The Taming of the Shrew

William Shakespeare
Theatre Royal Bath

David Caves (Petruchio) Lisa Dillon (Kate) Credit: Sheila Burnett
Lisa Dillon (Kate) Credit: Sheila Burnett
David Caves (Petruchio) Lisa Dillon (Kate) Credit: Sheila Burnett

“Brush up your Shakespeare”, advises two of the characters in Kiss Me Kate, Cole Porter’s witty musical take on The Taming of the Shrew.

It’s advice I would commend to director Lucy Bailey whose production for the RSC of the original play is currently to be seen at the Theatre Royal Bath.

Bailey’s production, acclaimed when it opened in Stratford-upon-Avon earlier this year, has some real strengths including two strong leads in the excellent Lisa Dillon (Kate) and Robert Caves (Petruchio) and a real sense of fizz and mischief.

But I doubt if I could have been the only one present who found it all but unintelligible for considerable stretches, thanks to a combination of the use of both regional and assumed accents and a general inability to project the lines.

Much of this—the real exception was David Rintoul (Gremio), noticeably an old hand—could be put down to inexperience.
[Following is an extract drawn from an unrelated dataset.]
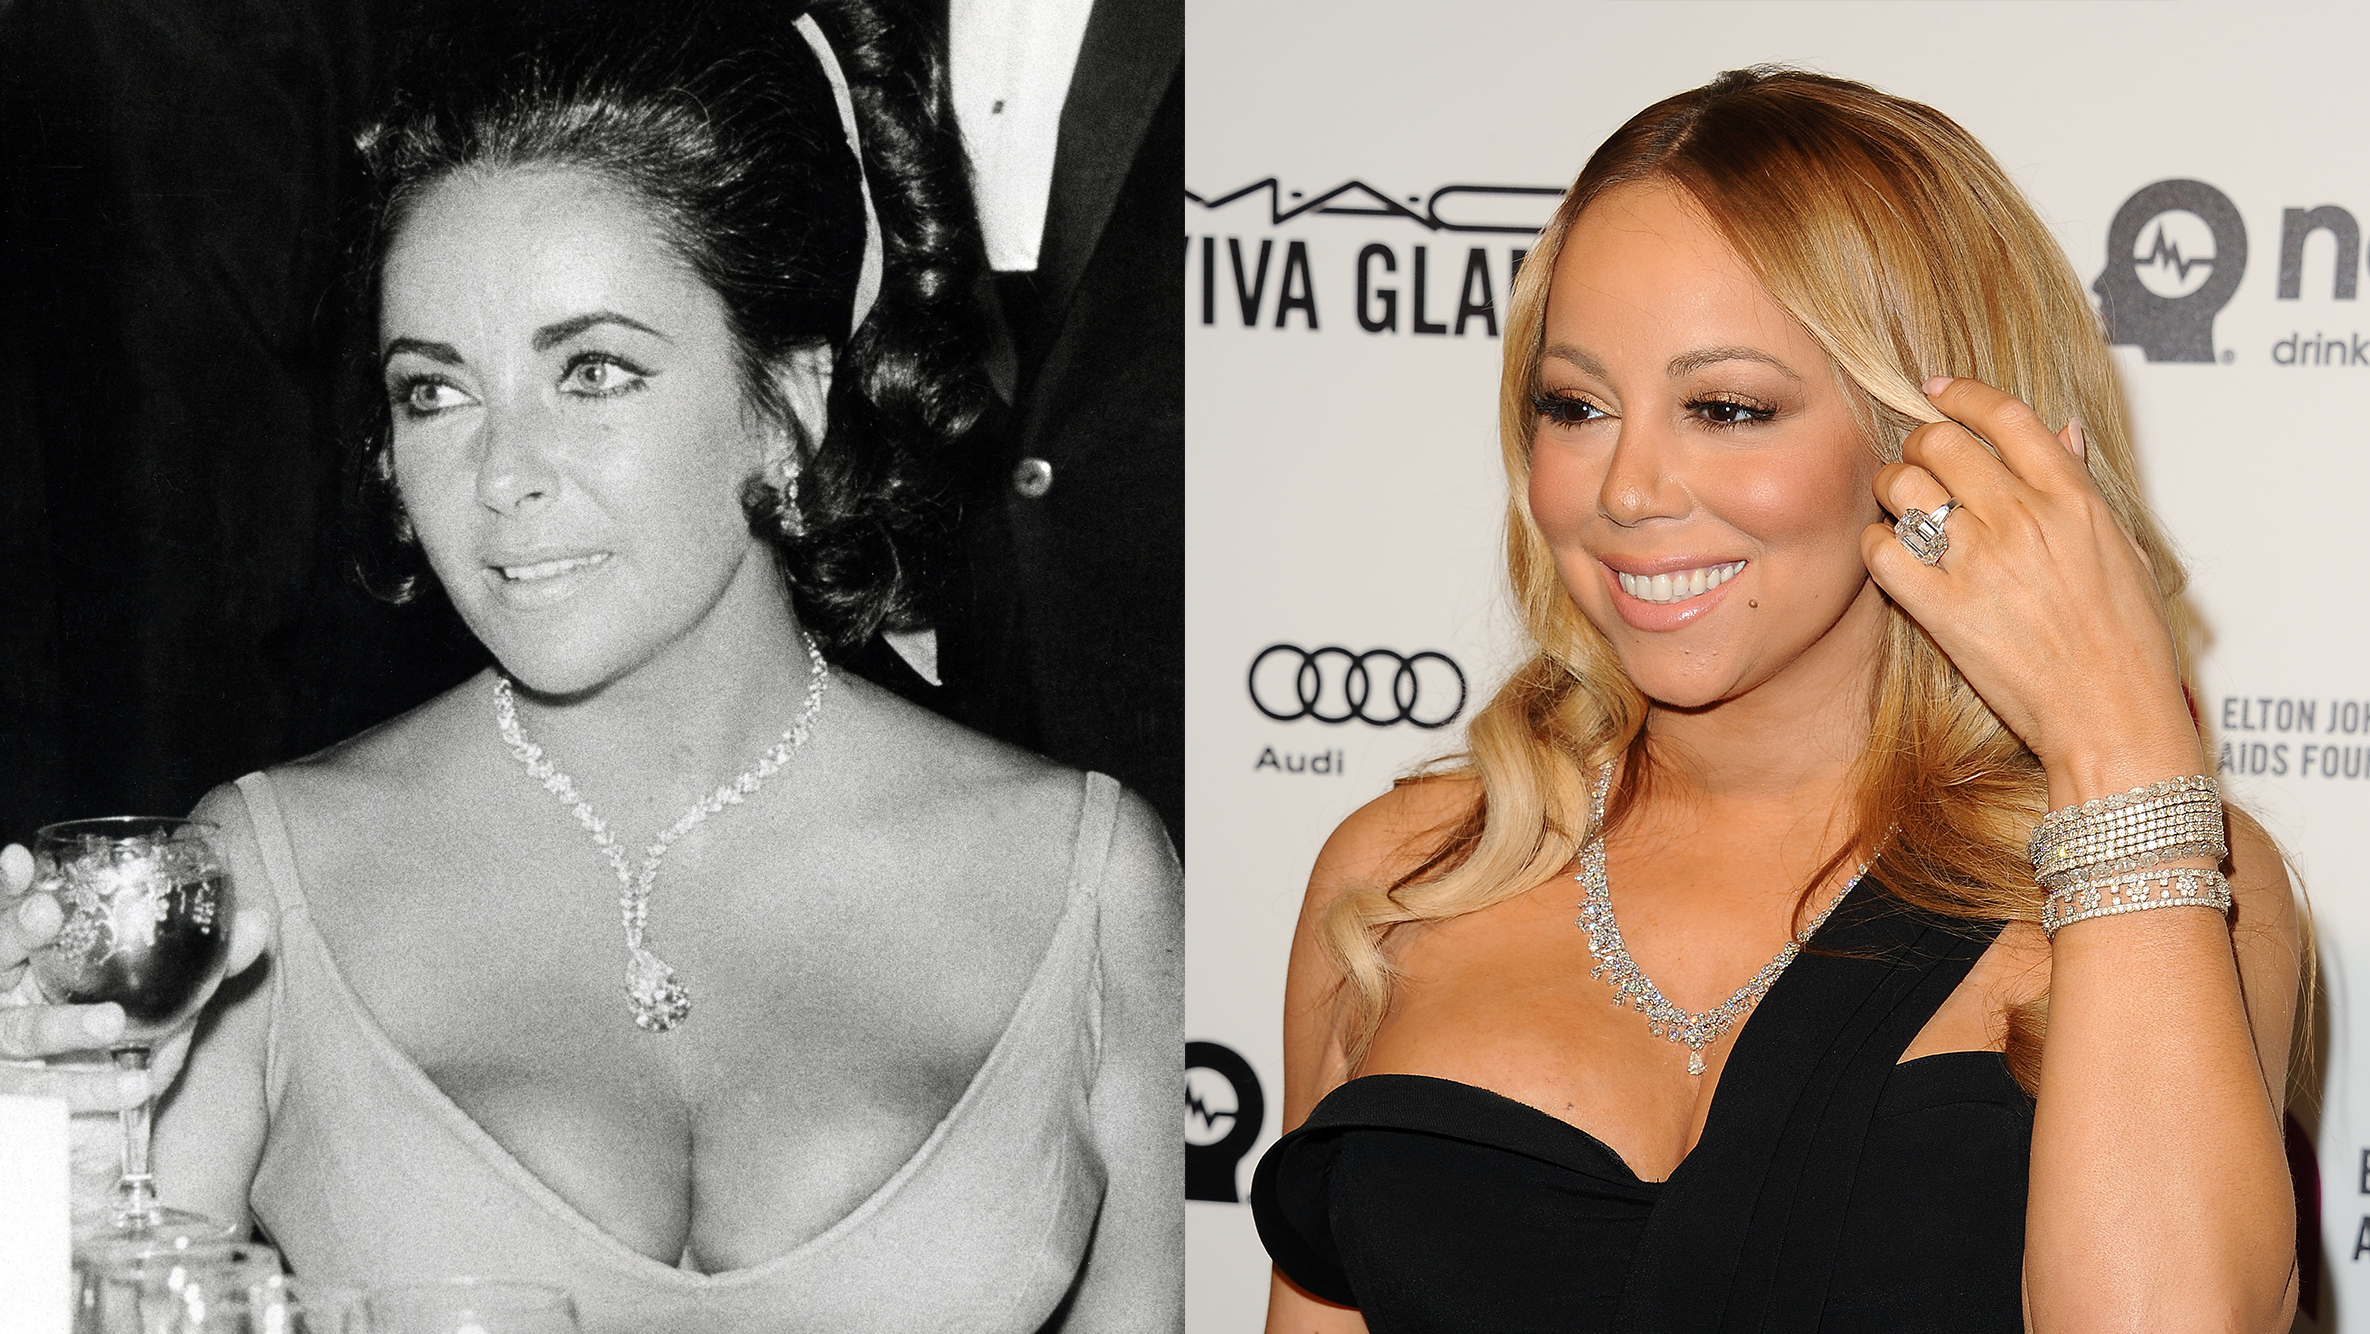 The Most Expensive, Over-the-Top Jewelry Celebrities Have Ever

But having seen Bailey’s work elsewhere—Timon of Athens and Titus Andronicus at the Globe and Julius Caesar at Stratford—it would seem that she plays some part.

Her productions are characterised by a very strong visual design. Bailey undoubtedly creates productions that are exciting and popular. The night I saw Shrew the theatre looked close to full, compared with a near half-empty house for the Peter Hall productions of Henry IV Parts I and II here last year on the nights I saw them.

And, to be fair, it is a problem which bedevils more experienced directors than Bailey, as the execrable enunciation by the lead actors in the staging by Michael Boyd of Antony and Cleopatra for the RSC a few years back showed.

But to the play. The action is set in Italy in the 1940s, a setting, says Bailey, that allows some sense to be made of the fact that a woman who is unmarried, as Kate is at the start of the evening, is an anomaly, troubling.

It is also set on a giant bed running the length and breadth of the stage. The headboard, as it were, at the back has giant wooden doors studded with smaller openings which allow ingress, egress and sight into the action within.

As with Edward Hall’s Propeller productions, many of whose virtues and failings this show shares, there is live music from a band which adds a further level of fun. And Bailey opts to retain the framing prologue featuring Sly the Tinker, although I’m not convinced it adds significantly to the story proper.

The first issue facing any director is how they view the ‘taming’. Bailey makes clear that she sees the ending as positive for both Petruchio and Kate who, here, quickly strip and dive under the sheets at the end. “I think you have to imagine they’re going to have the best sex ever”, she notes in the programme.

I think we’re meant to conclude that the taming, which was recently staged by Propeller as nothing short of brutal, is much less punishing. When instructed at the end to fetch the other wives, Kate skips off stage as though none the worse for her treatment which included days and nights without food and sleep. But her impassioned defence of the need for wives to submit absolutely to their husbands still disturbs. Does she believe it? Apparently so. What are we to make of this? Petruchio isn’t a monster but is what he does monstrous?

For many in the audience I doubt this was of much matter. They enjoyed a genuine meeting of competitors, both Cave and Dillon lit up the stage and far from a problem play in Bailey’s hands it seemed like a companion piece to The Comedy of Errors full of sound and fury and signifying nothing except fun.